● Given information
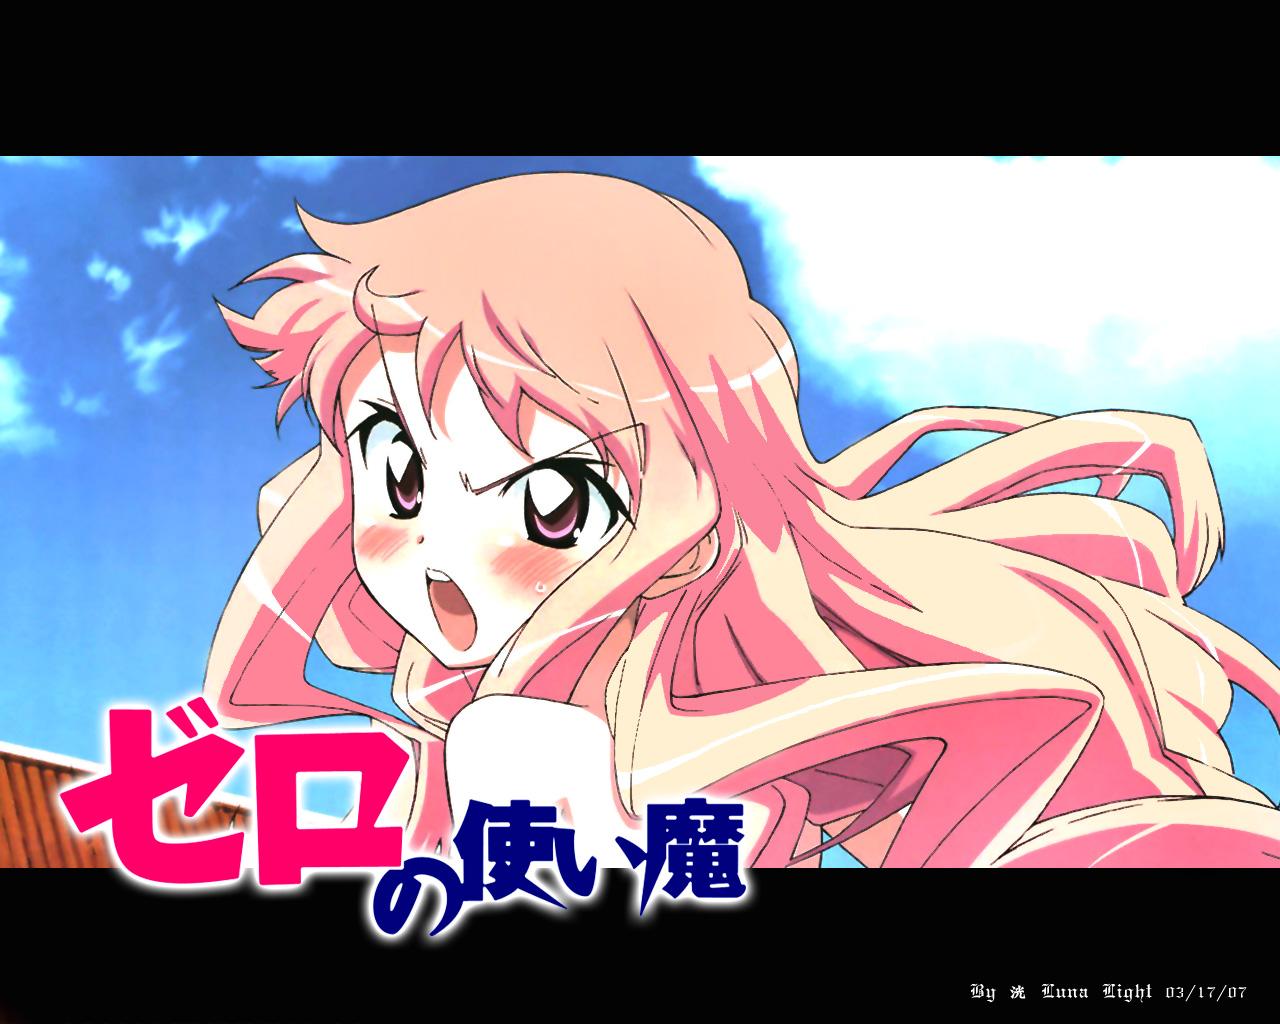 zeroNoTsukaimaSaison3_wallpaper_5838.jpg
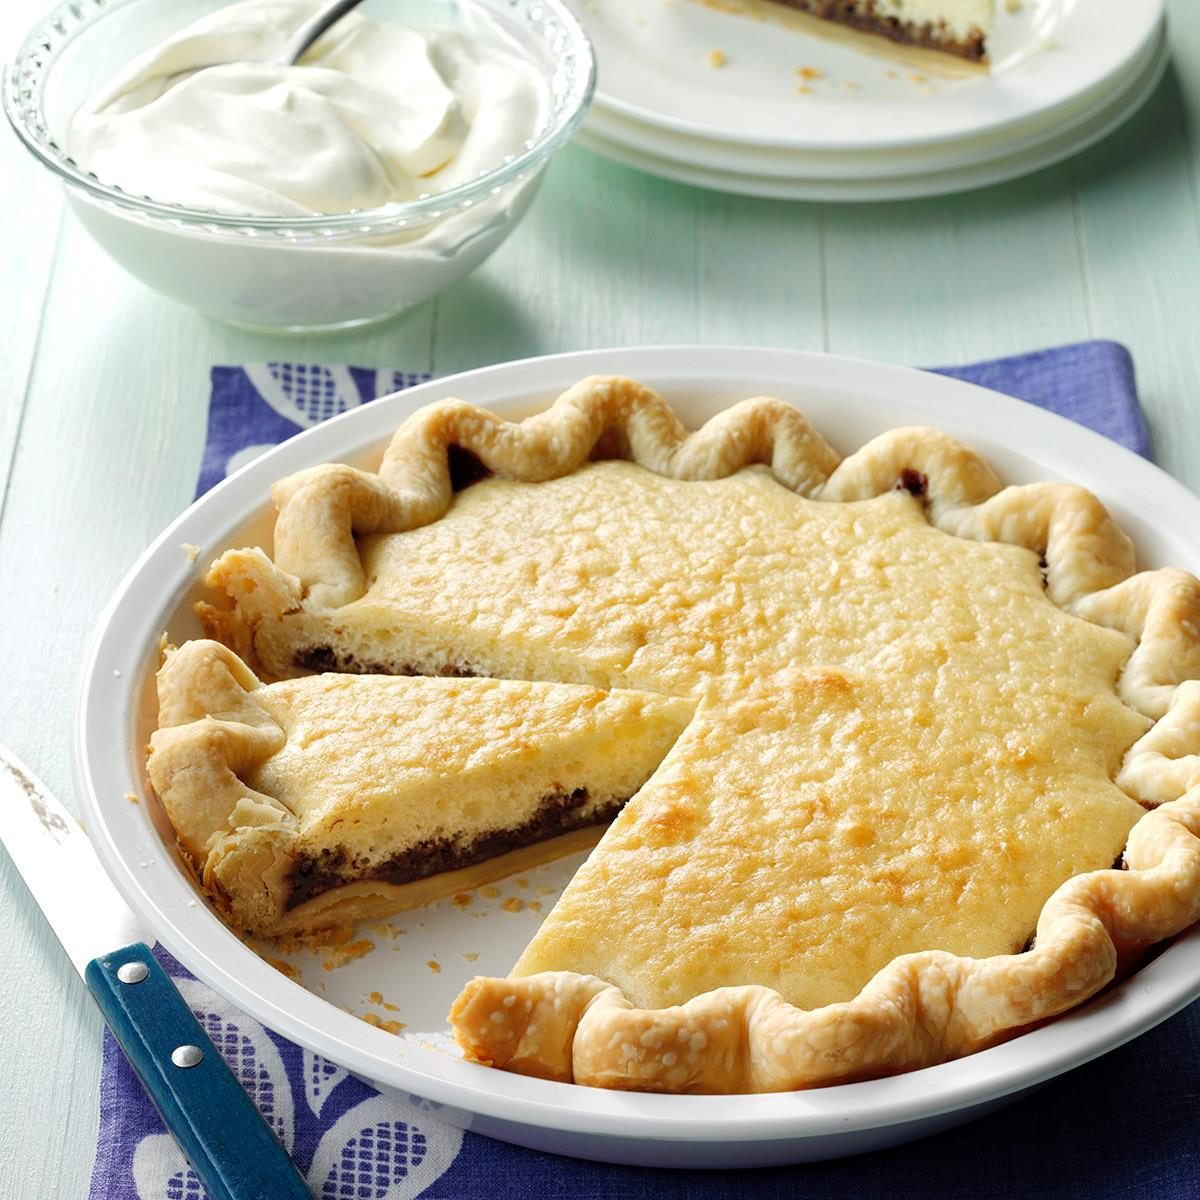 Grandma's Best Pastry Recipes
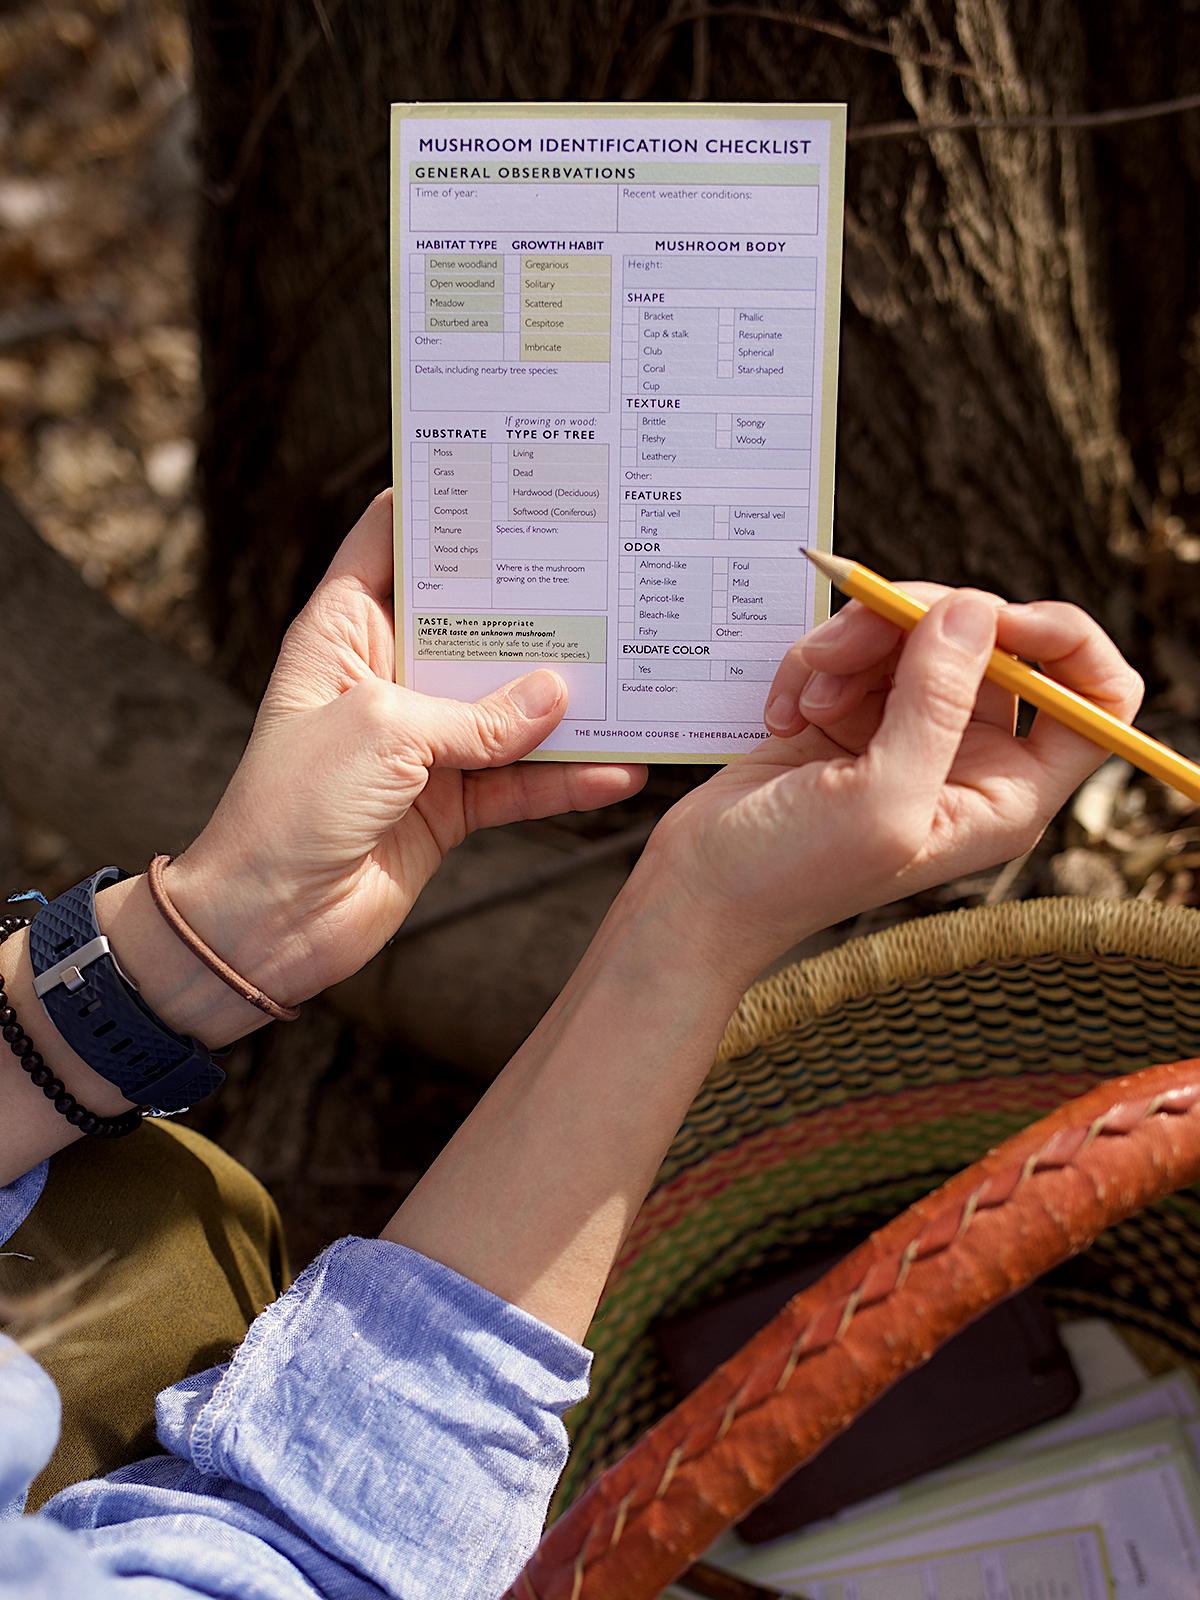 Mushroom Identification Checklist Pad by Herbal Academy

● Action item
Leave out the pictures and print every line of the data exactly.

● Response area
 zeroNoTsukaimaSaison3_wallpaper_5838.jpg
 Grandma's Best Pastry Recipes
 Mushroom Identification Checklist Pad by Herbal Academy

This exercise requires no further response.